> _Task description_:
Leave every image out, and print the remaining lines below exactly.

Start of Study material

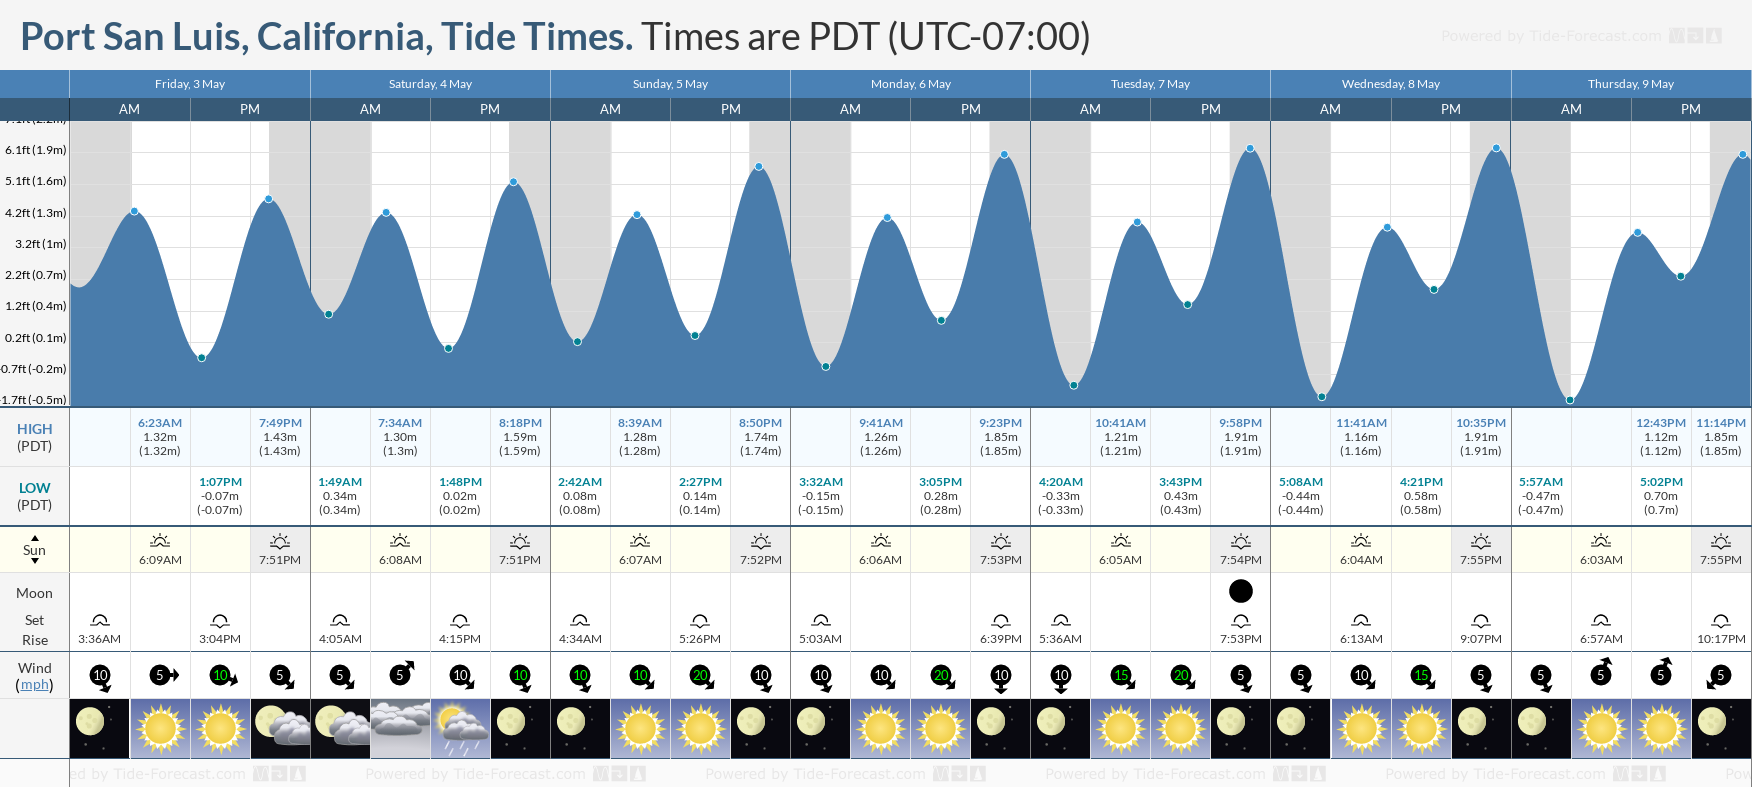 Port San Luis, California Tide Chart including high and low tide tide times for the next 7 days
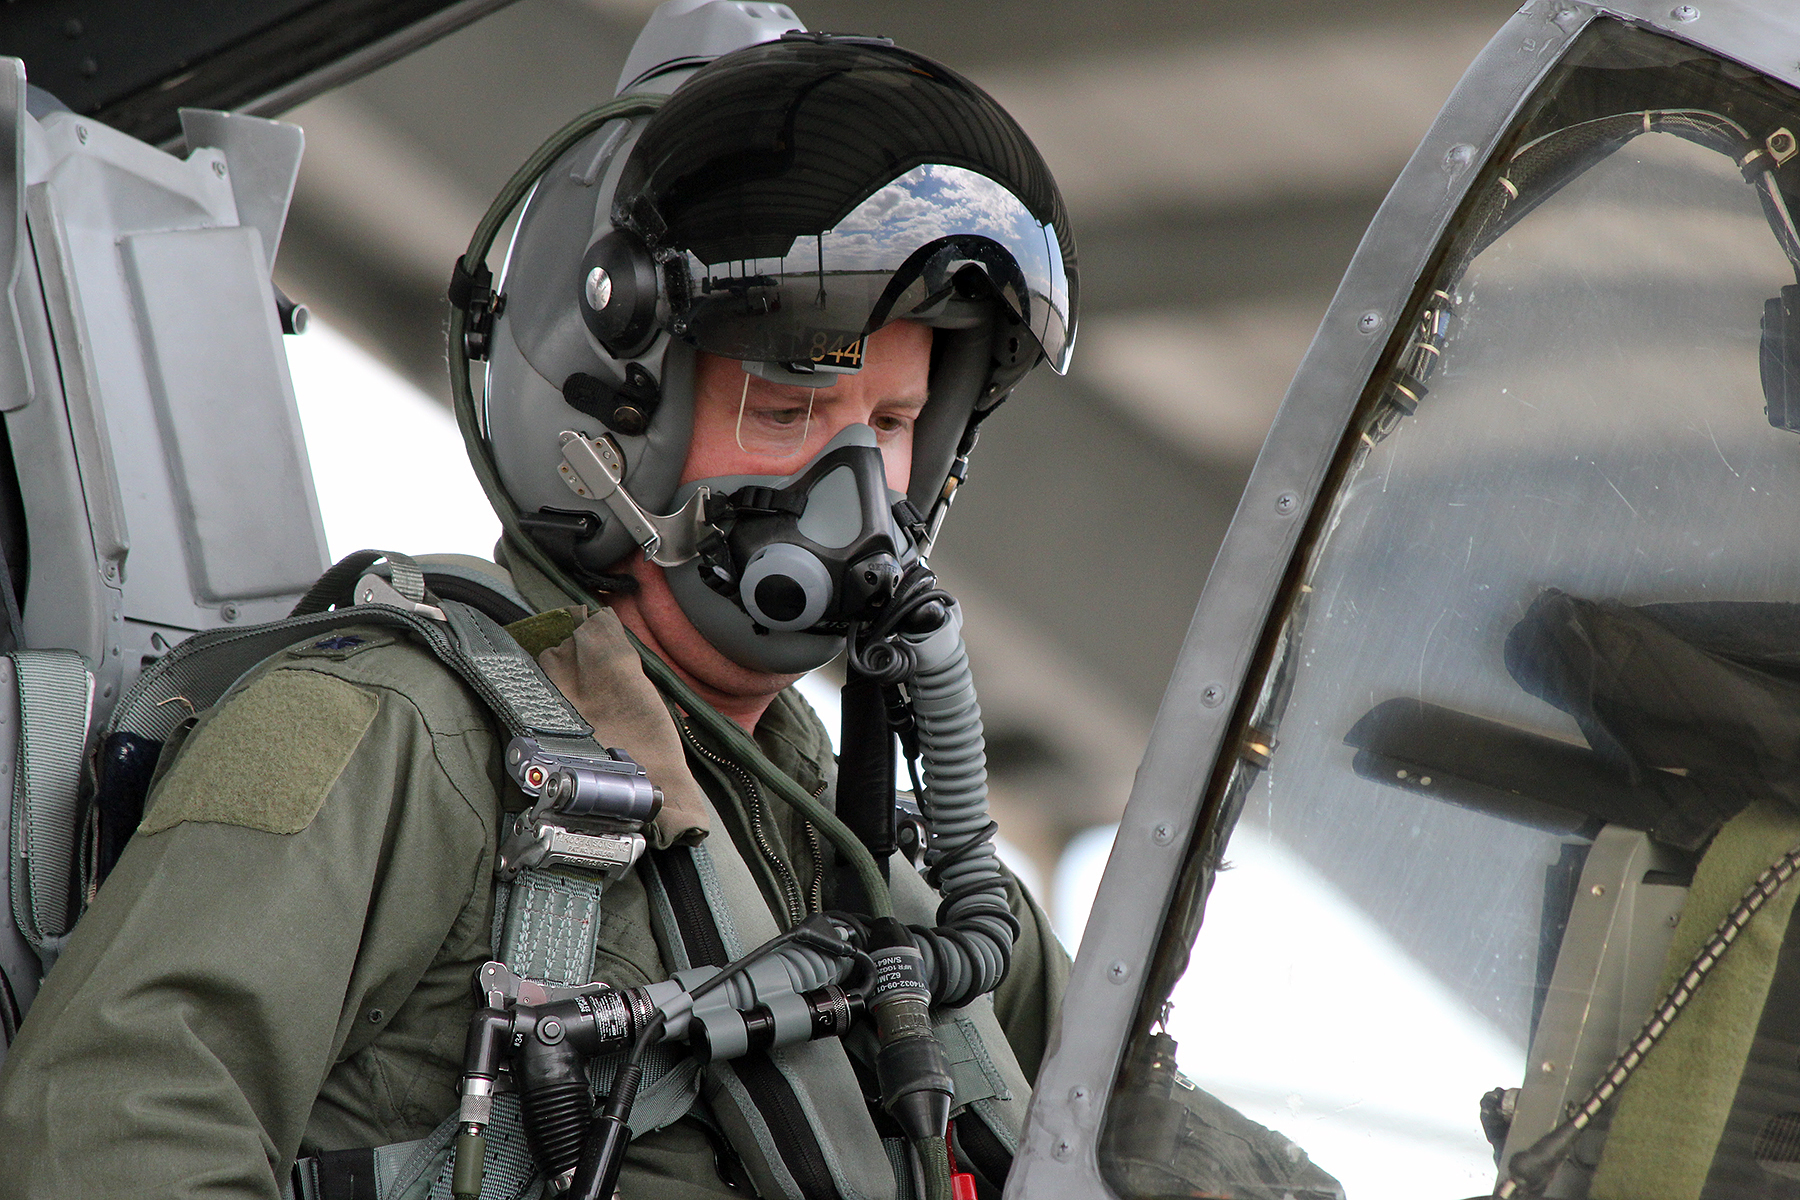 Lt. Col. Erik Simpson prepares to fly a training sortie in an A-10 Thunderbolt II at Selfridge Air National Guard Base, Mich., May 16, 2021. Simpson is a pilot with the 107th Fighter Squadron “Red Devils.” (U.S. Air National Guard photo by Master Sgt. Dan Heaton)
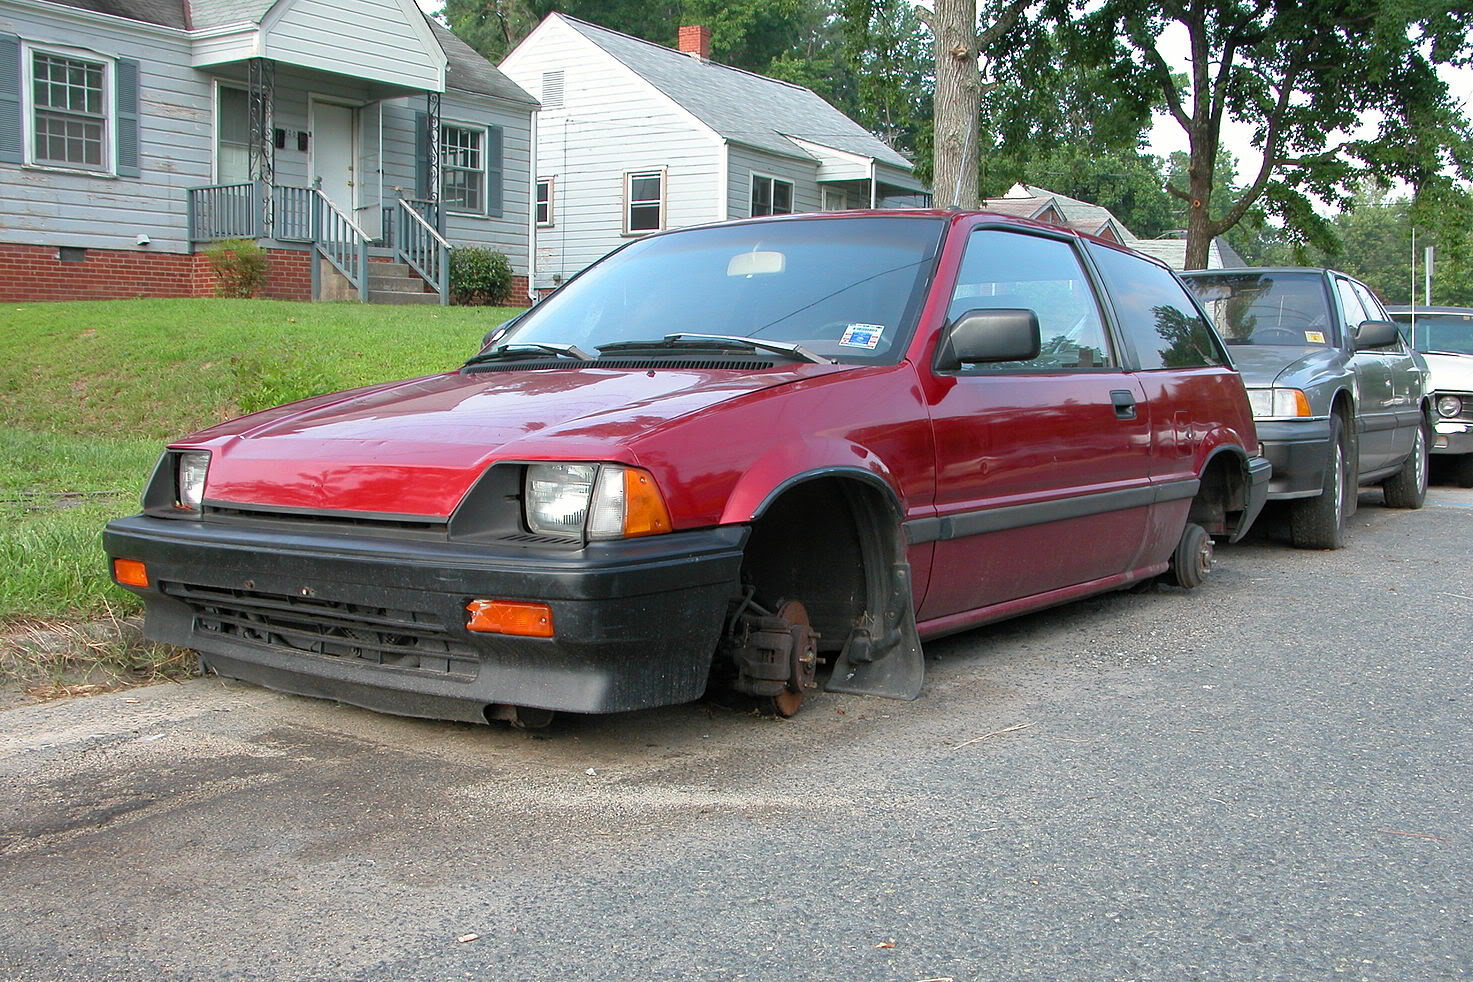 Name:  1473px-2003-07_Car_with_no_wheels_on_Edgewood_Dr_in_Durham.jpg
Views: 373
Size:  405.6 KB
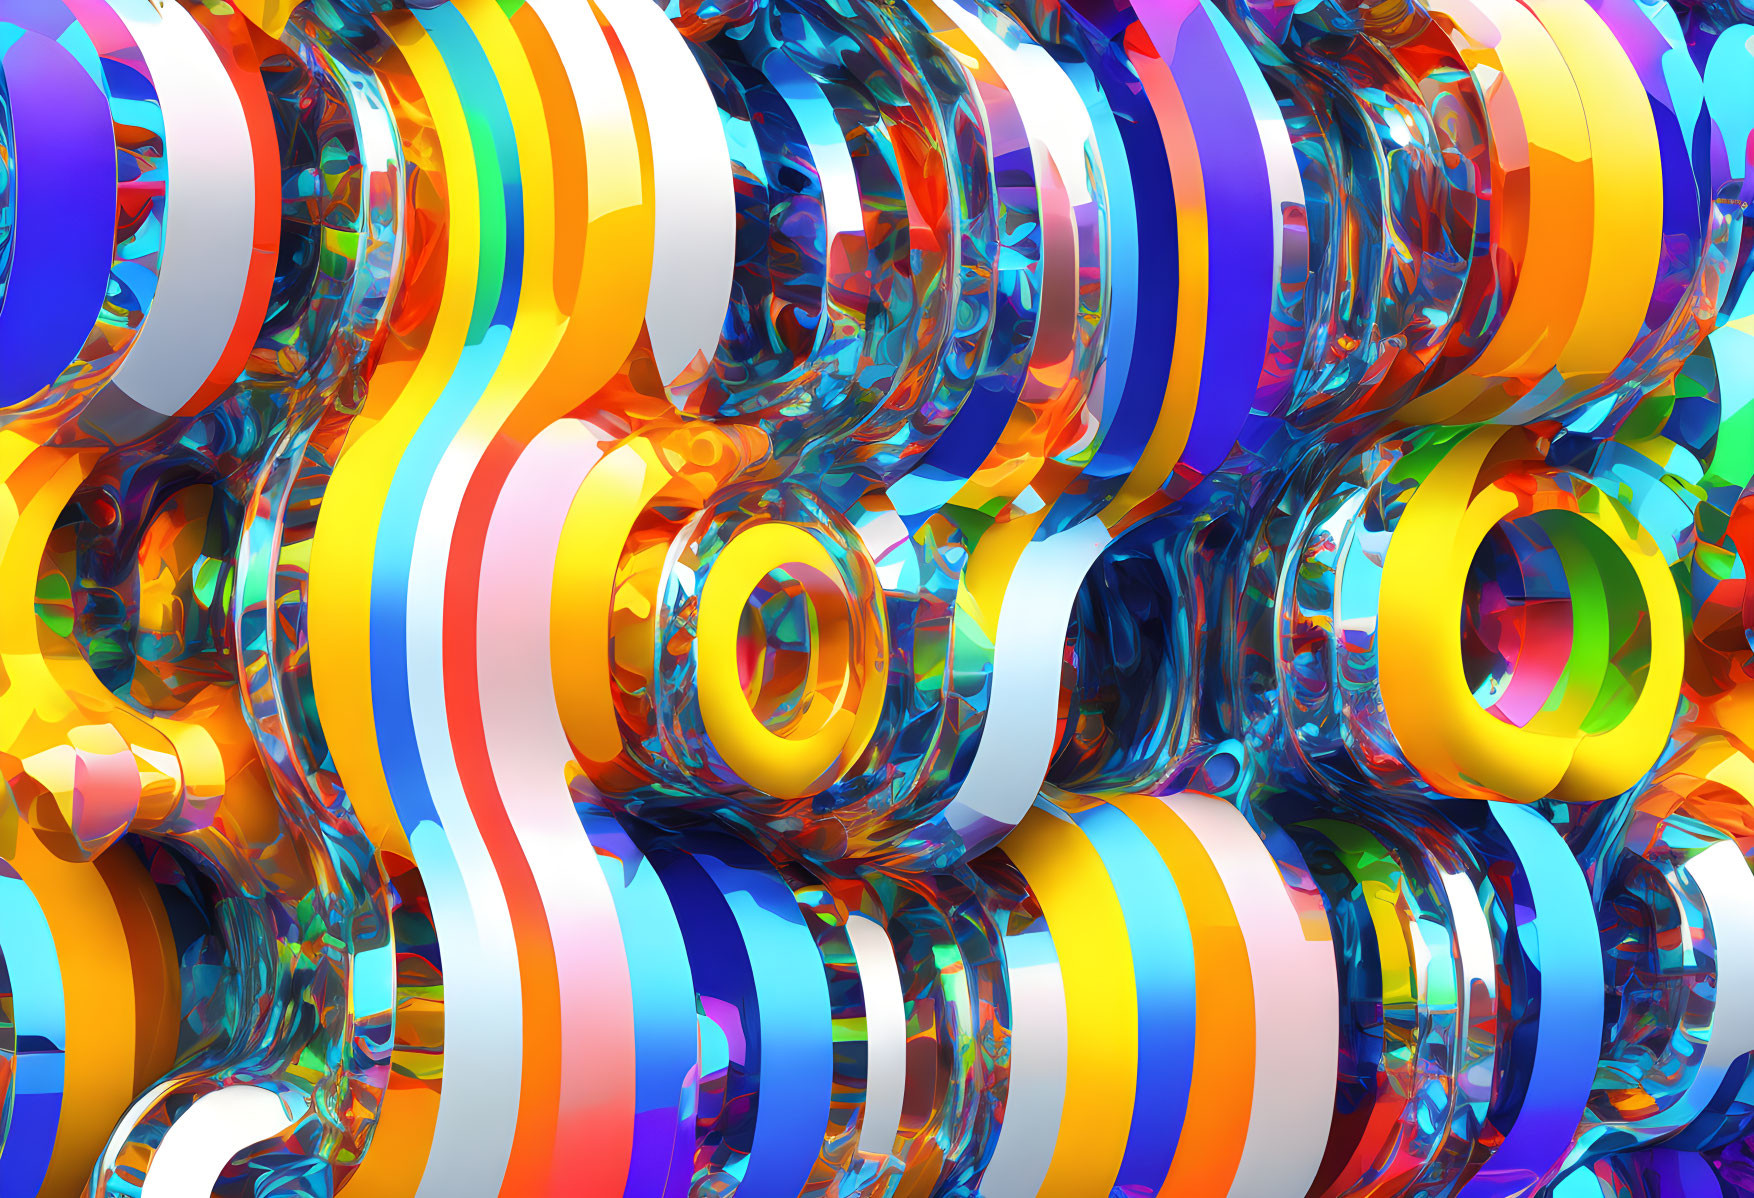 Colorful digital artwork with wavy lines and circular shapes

End of Study material

> _Response for this exercise_:
 Port San Luis, California Tide Chart including high and low tide tide times for the next 7 days
 Lt. Col. Erik Simpson prepares to fly a training sortie in an A-10 Thunderbolt II at Selfridge Air National Guard Base, Mich., May 16, 2021. Simpson is a pilot with the 107th Fighter Squadron “Red Devils.” (U.S. Air National Guard photo by Master Sgt. Dan Heaton)
 Name:  1473px-2003-07_Car_with_no_wheels_on_Edgewood_Dr_in_Durham.jpg
Views: 373
Size:  405.6 KB
 Colorful digital artwork with wavy lines and circular shapes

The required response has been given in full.